Именно этот день был выбран, потому что армия арабуру ушла из города. Остались гарнизон и кэбииси. Это был тот единственный шанс, который выпадает раз в жизни и от которого не отказываются даже перед лицом смерти.
Абэ-но Сэймэй условным способом вызвал хакётсу Бана. Чаще всего они встречались между Поднебесной площадью и базаром Сисява – на пихтовой аллеей, где было особенно многолюдно и где можно было без труда затеряться среди торговцев и покупателей. К тому же по обе стороны площади лежали нежилые кварталы города, в которых легко затеряться.
Но сегодня все эти плюсы не прельстили его, и он решил изменить своим привычкам. Мы уже примелькались на этой аллее, рассуждал он, и шпионы императора легко могут нас вычислить, поэтому сегодня встретимся на площади Белого посоха, перед храмом Каварабуки.
Храм давно пришел в упадок. Зарос травой, черная крыша покрылась мхом, а с коньков, где застыли трехпалые драконы, свешивались лишайники. Столетние дубы, под которыми вершилось народное правосудие, арабуру вырубили, а древесину пустили на строительство двенадцатиярусной пирамиды-дворца Оль-Тахинэ.
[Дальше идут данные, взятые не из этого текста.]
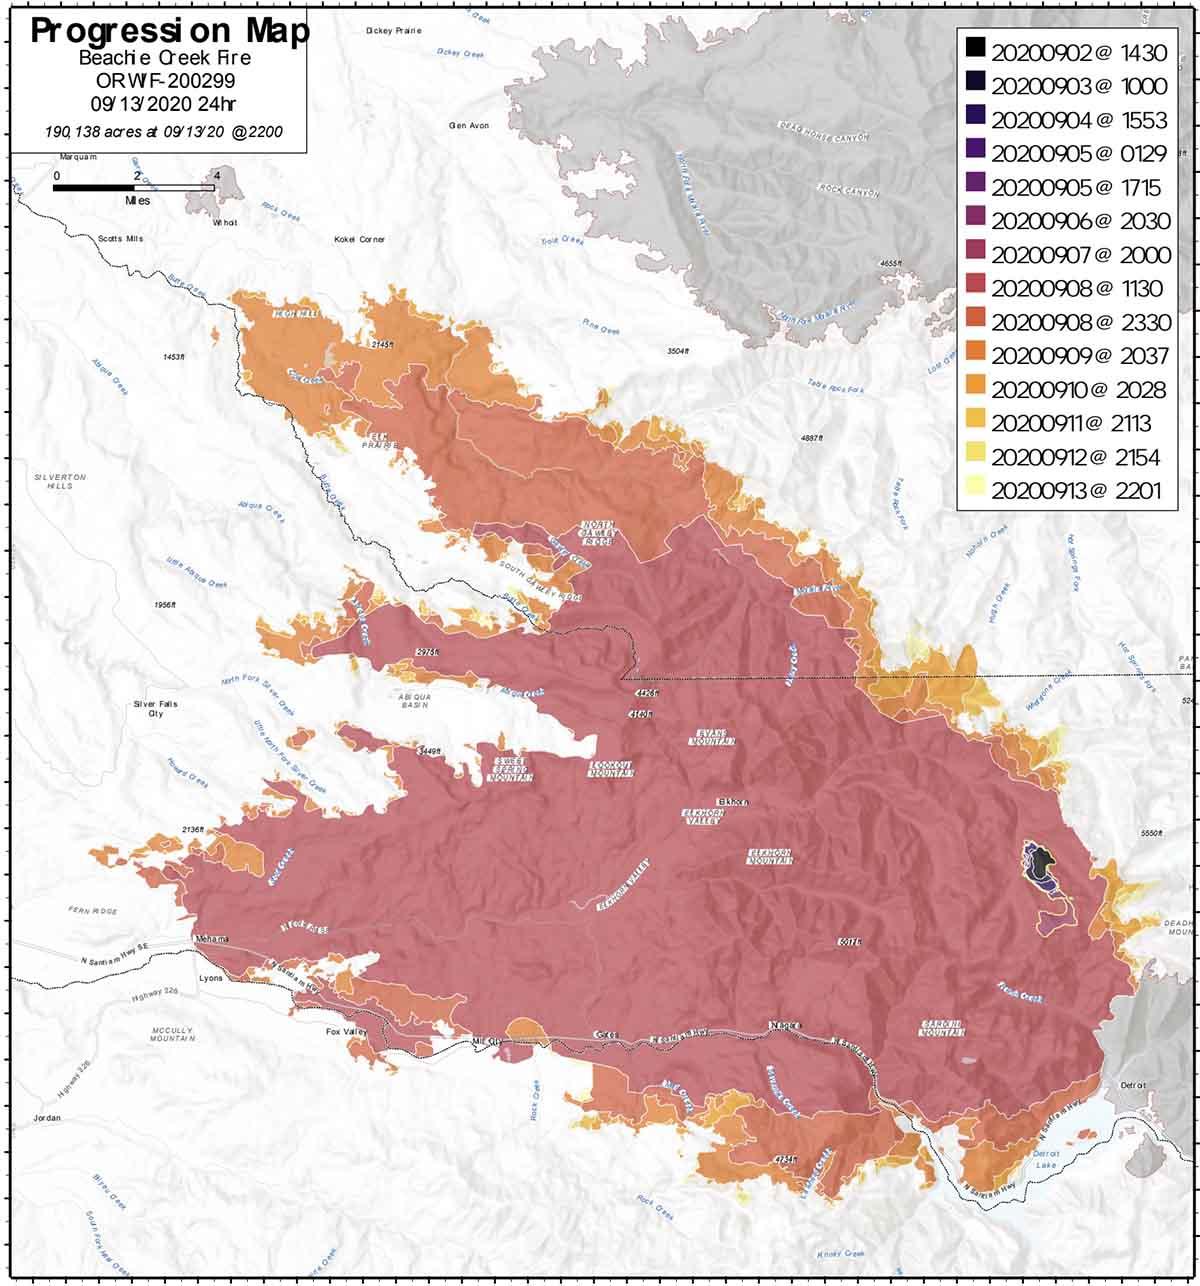 Beachie Creek Fire progression map

Единственным местом, где еще теплилась жизнь, была харчевня «Два гуся». Но в харчевню Абэ-но Сэймэй не пошел: было бы глупо заявляться в нее, одетым в рубище нищего, а именно под нищего и маскировался Абэ-но Сэймэй. Он выбрал площадь Белого храма еще и потому, что здесь испокон веков собирались городские нищие. Они отдыхали после трудов праведных под сенью дубов. А когда дубов не стало, – то под сенью храма Каварабуки. Благо еще, что арабуру ограничились всего лишь мародерством и не разрушили храм, как они разрушали в окрестностях все другие храмы. Нищие были благодарны, что им оставили голые стены и крышу.
Была еще одна причина, по которой они впервые должны были встретиться в храме Каварабуки. Причина заключалось в том, что под храмом проходил бесконечный лабиринт Драконов. Кто и когда его прокопал, Абэ-но Сэймэй не знал. Никто не знал. Не знали этого даже Три Старца. Даже в древних документах о лабиринте Драконов не было сказано ни слова. Но все успешно пользовались им, начиная от императоров во время переворотов или восстаний, и заканчивая посетителями харчевни «Хэйан-кё», которая канула в черную выворотню. Только накануне Абэ-но Сэймэй удалось достать план двенадцатиярусной Оль-Тахинэ. Вот этот план он и нес для Бана и Кацири. Карту же лабиринта Драконов Кацири знал наизусть.
Бан и Кацири готовились так давно, что забыли, для чего они все это делают. Тренировки в бочке и изготовление мазей и ядов давно стало самоцелью. Наконец они добились такого результата, что готовы были убить императора Кан-Чи хоть сейчас. Однако Абэ-но Сэймэй все не давал и не давал команды, хотя, судя по всему, день казни приближался.
– Учитель, когда это произойдет? – спрашивал Кацири.
– Скорее всего, надо ждать удобного момента. Лучше не думай об этом. Наше дело тренироваться во имя Будды.
Им обоим стало уже невмоготу, и вдруг все изменилось – в обусловленное время хакётсу Бан увидел три вспышки света от зеркала – две короткие и одну длинную. Это был условный сигнал, означающий, что надо прийти на площадь Белого посоха.